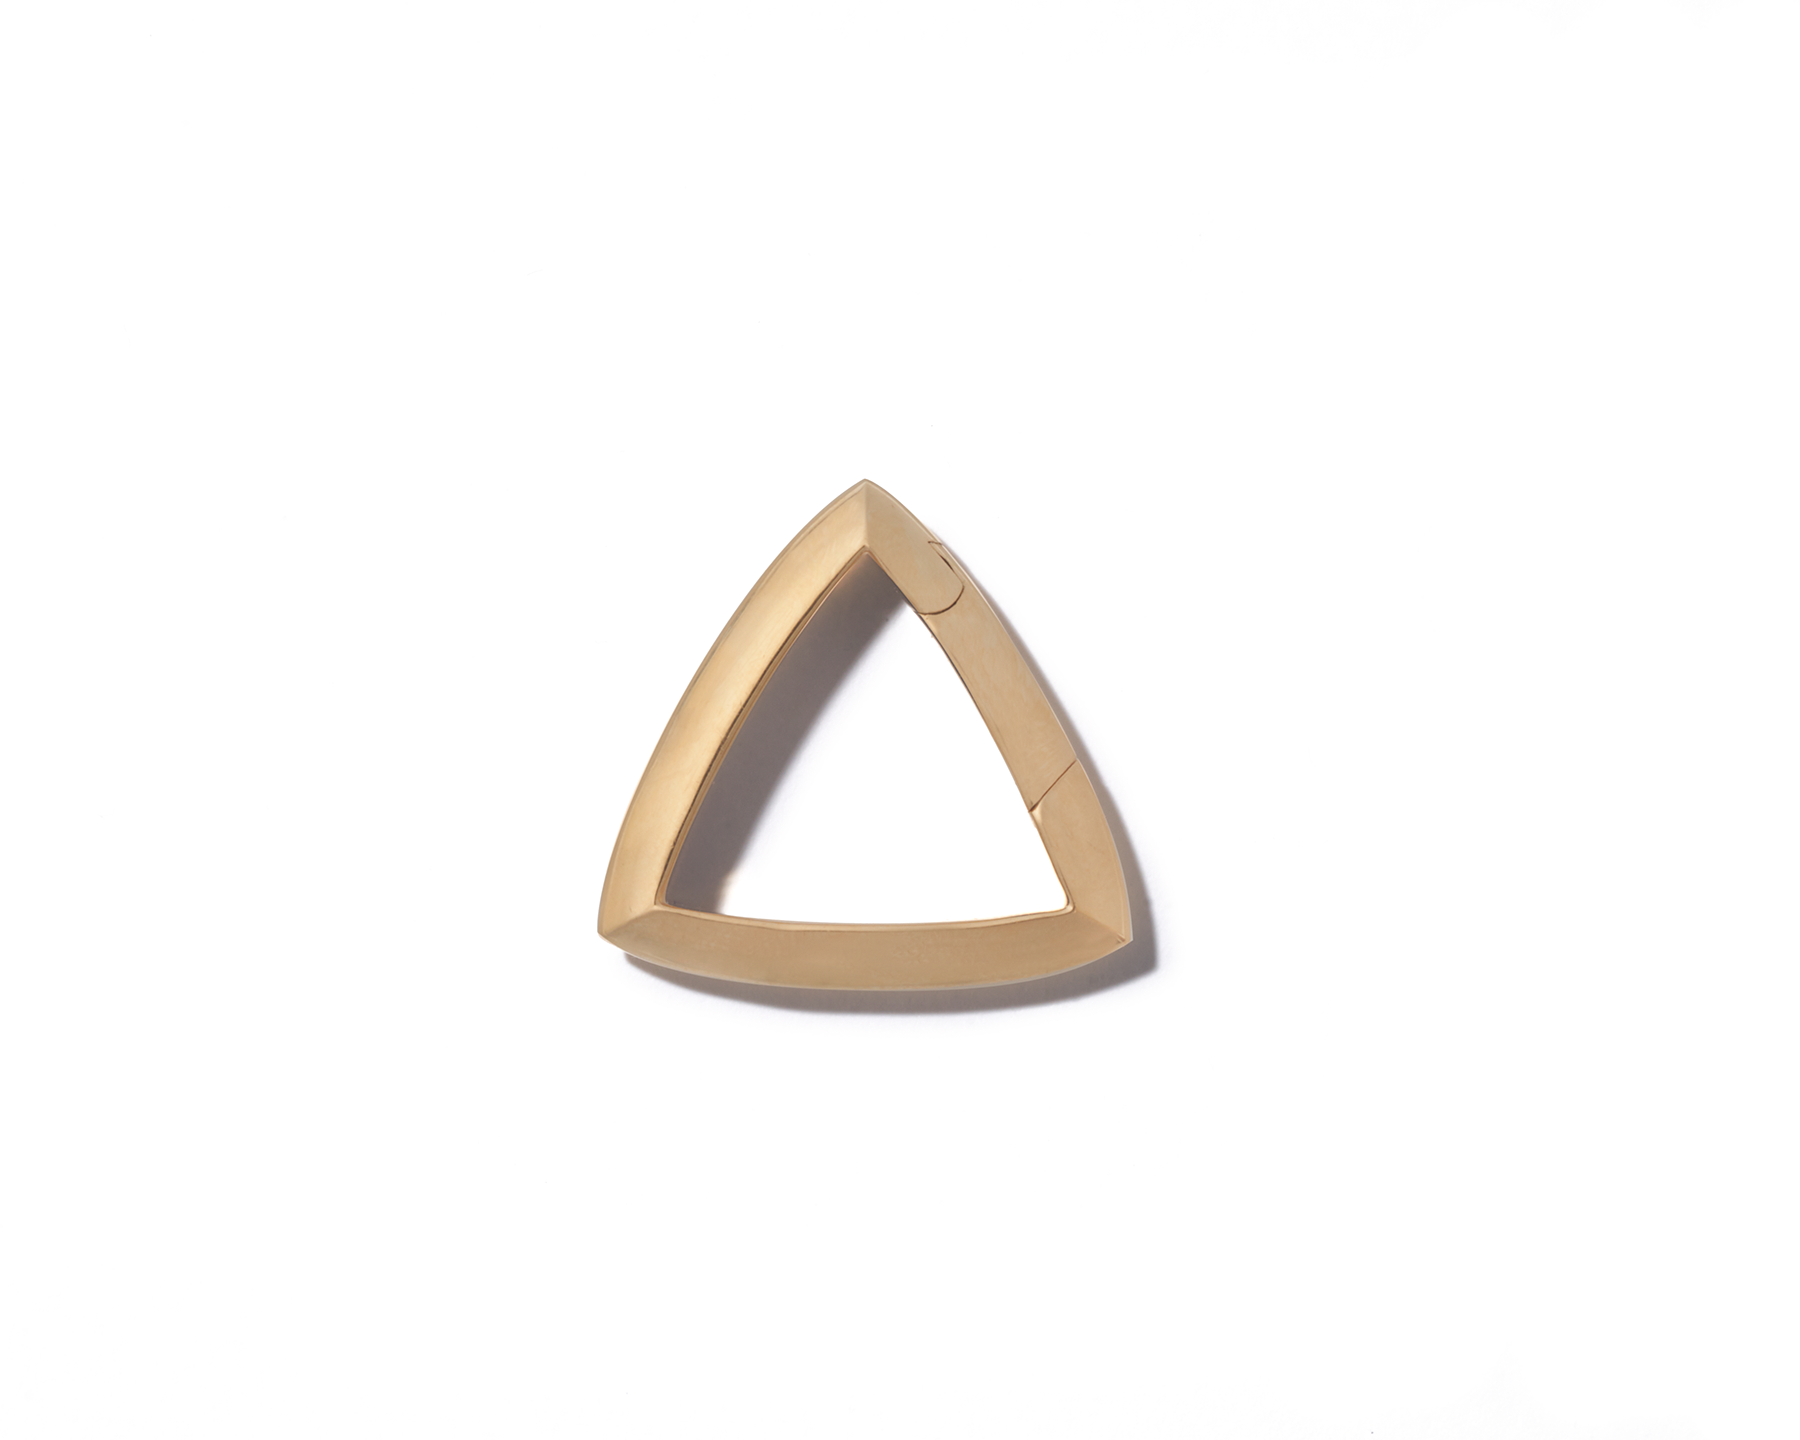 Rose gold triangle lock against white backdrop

= = = =

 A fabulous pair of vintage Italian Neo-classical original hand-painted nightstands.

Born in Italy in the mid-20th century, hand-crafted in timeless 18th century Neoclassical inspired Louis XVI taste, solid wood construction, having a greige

= = = =

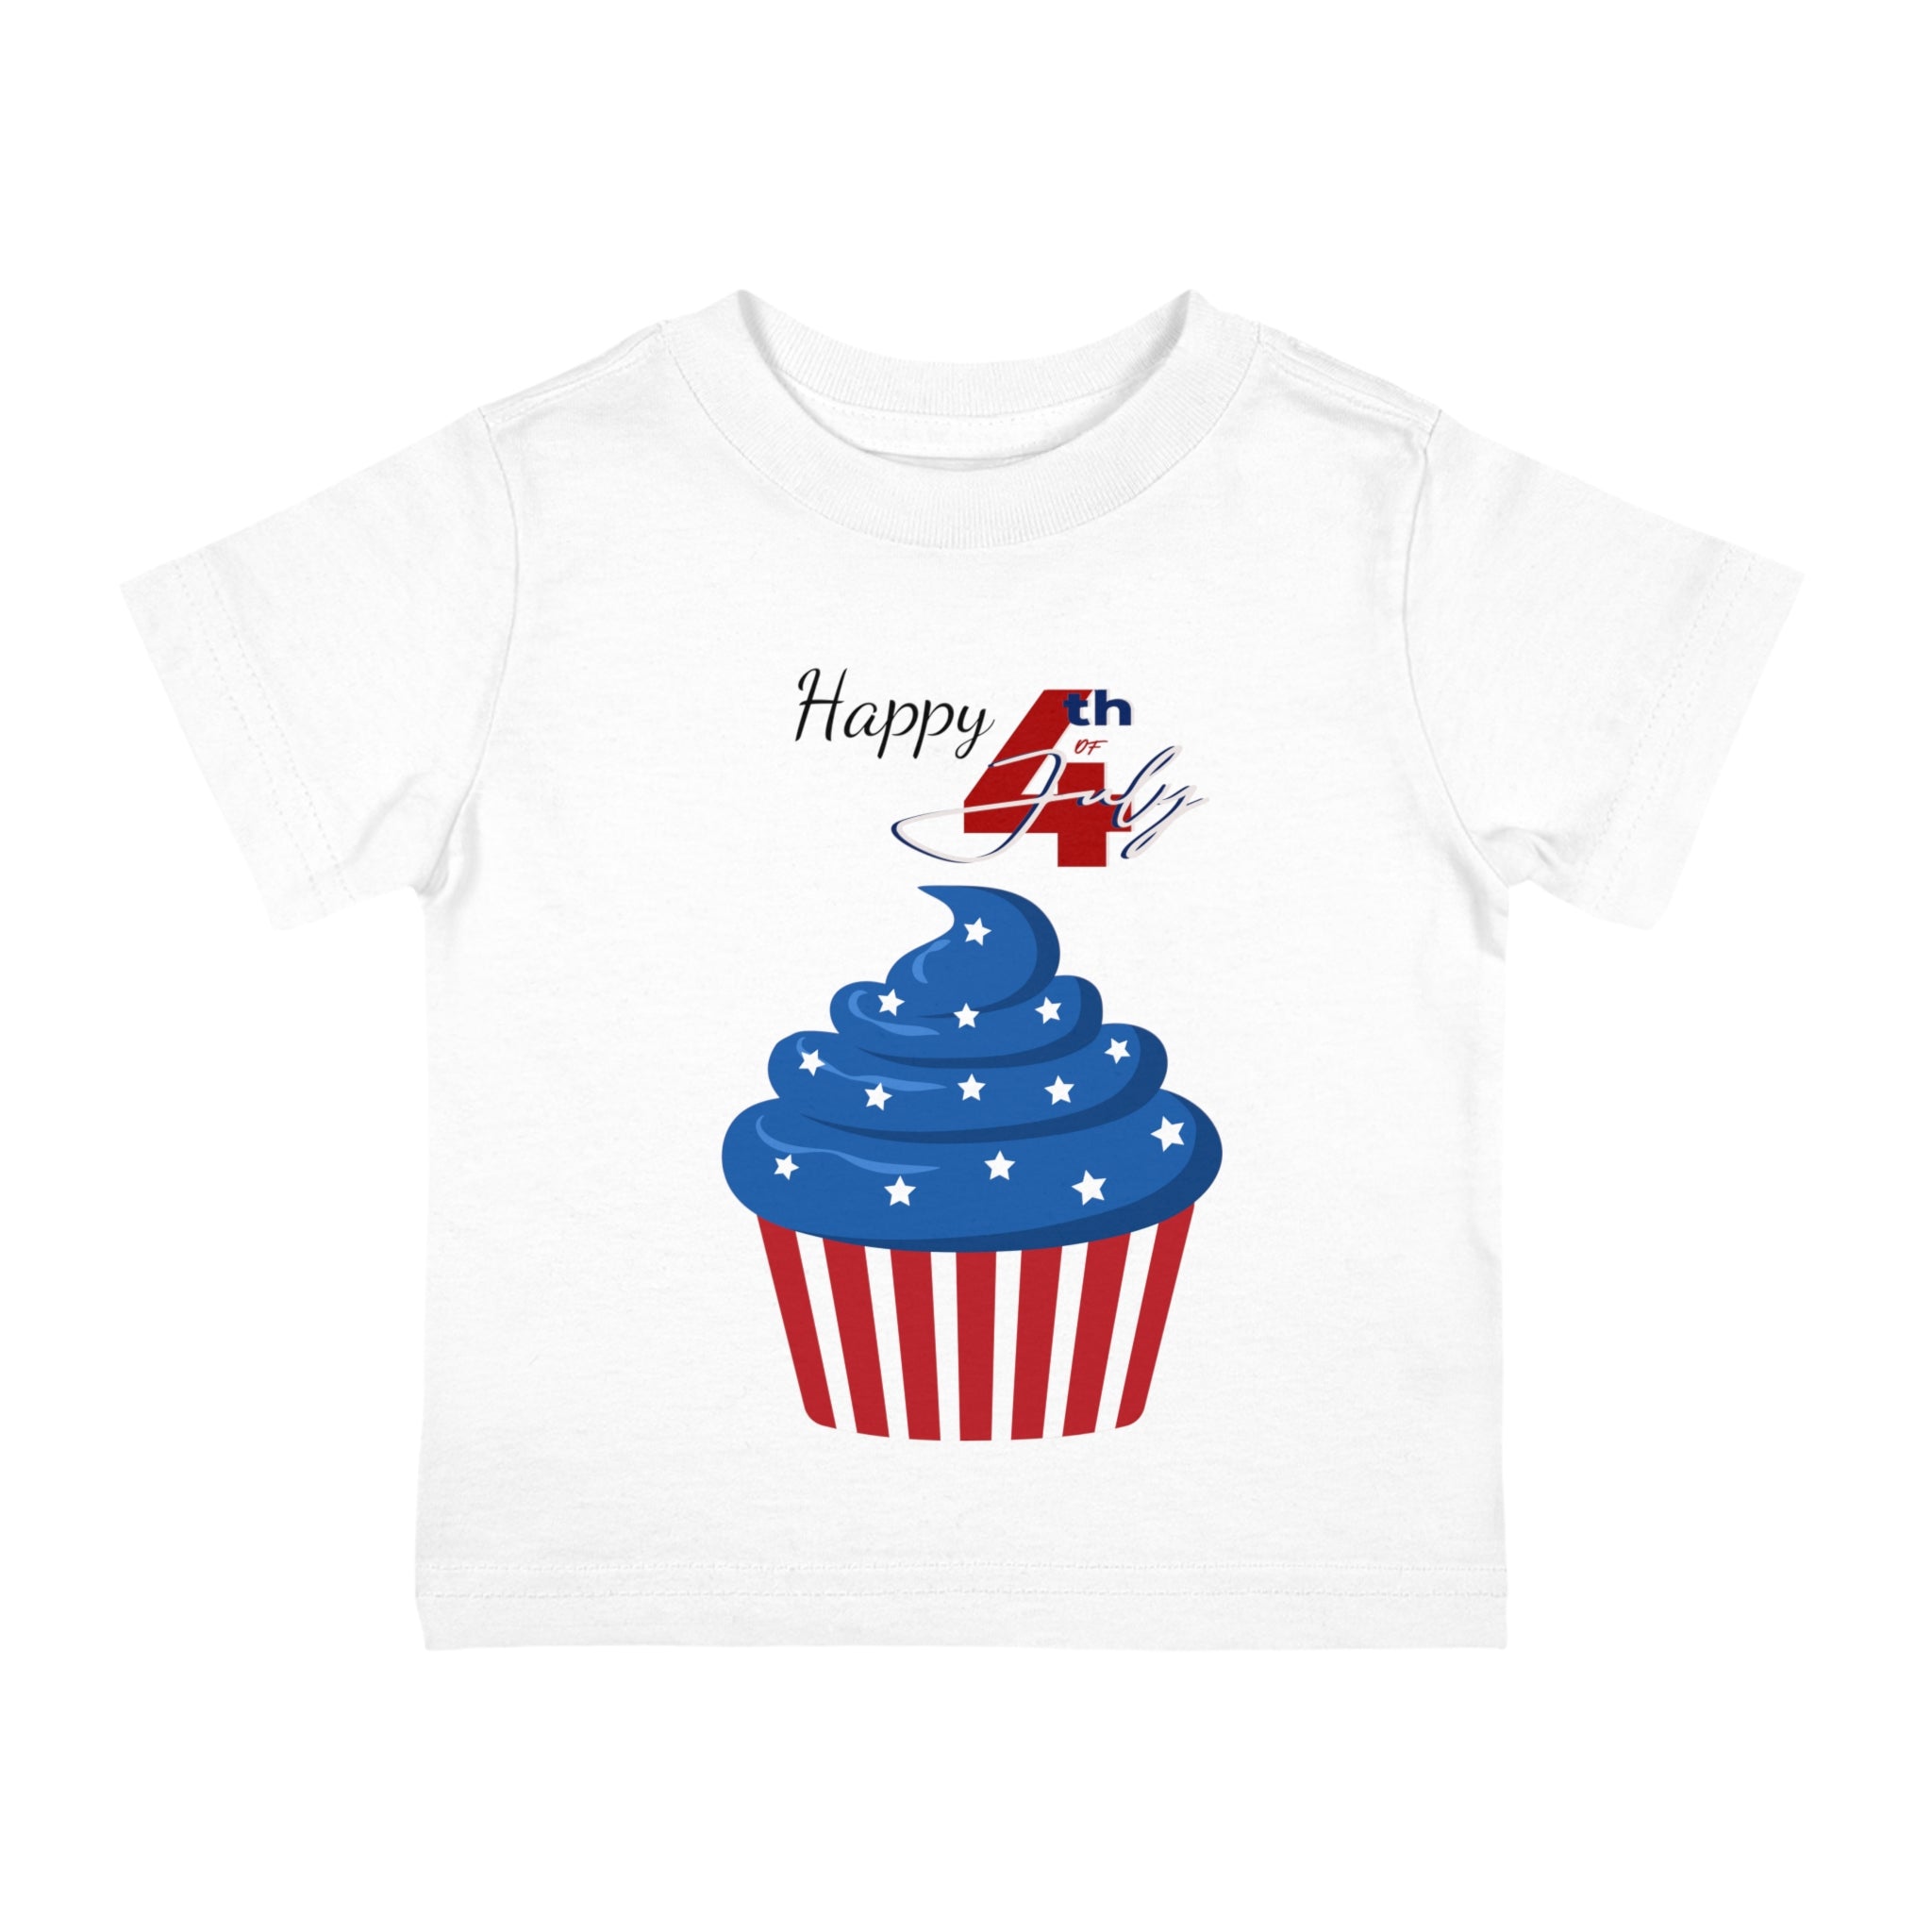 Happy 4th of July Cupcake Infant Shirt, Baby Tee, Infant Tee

= = = =

- **Exercise aim**: Search the entries for the word "hand" and pick out every line that holds it.

- **Exercise result**:
 A fabulous pair of vintage Italian Neo-classical original hand-painted nightstands.
Born in Italy in the mid-20th century, hand-crafted in timeless 18th century Neoclassical inspired Louis XVI taste, solid wood construction, having a greige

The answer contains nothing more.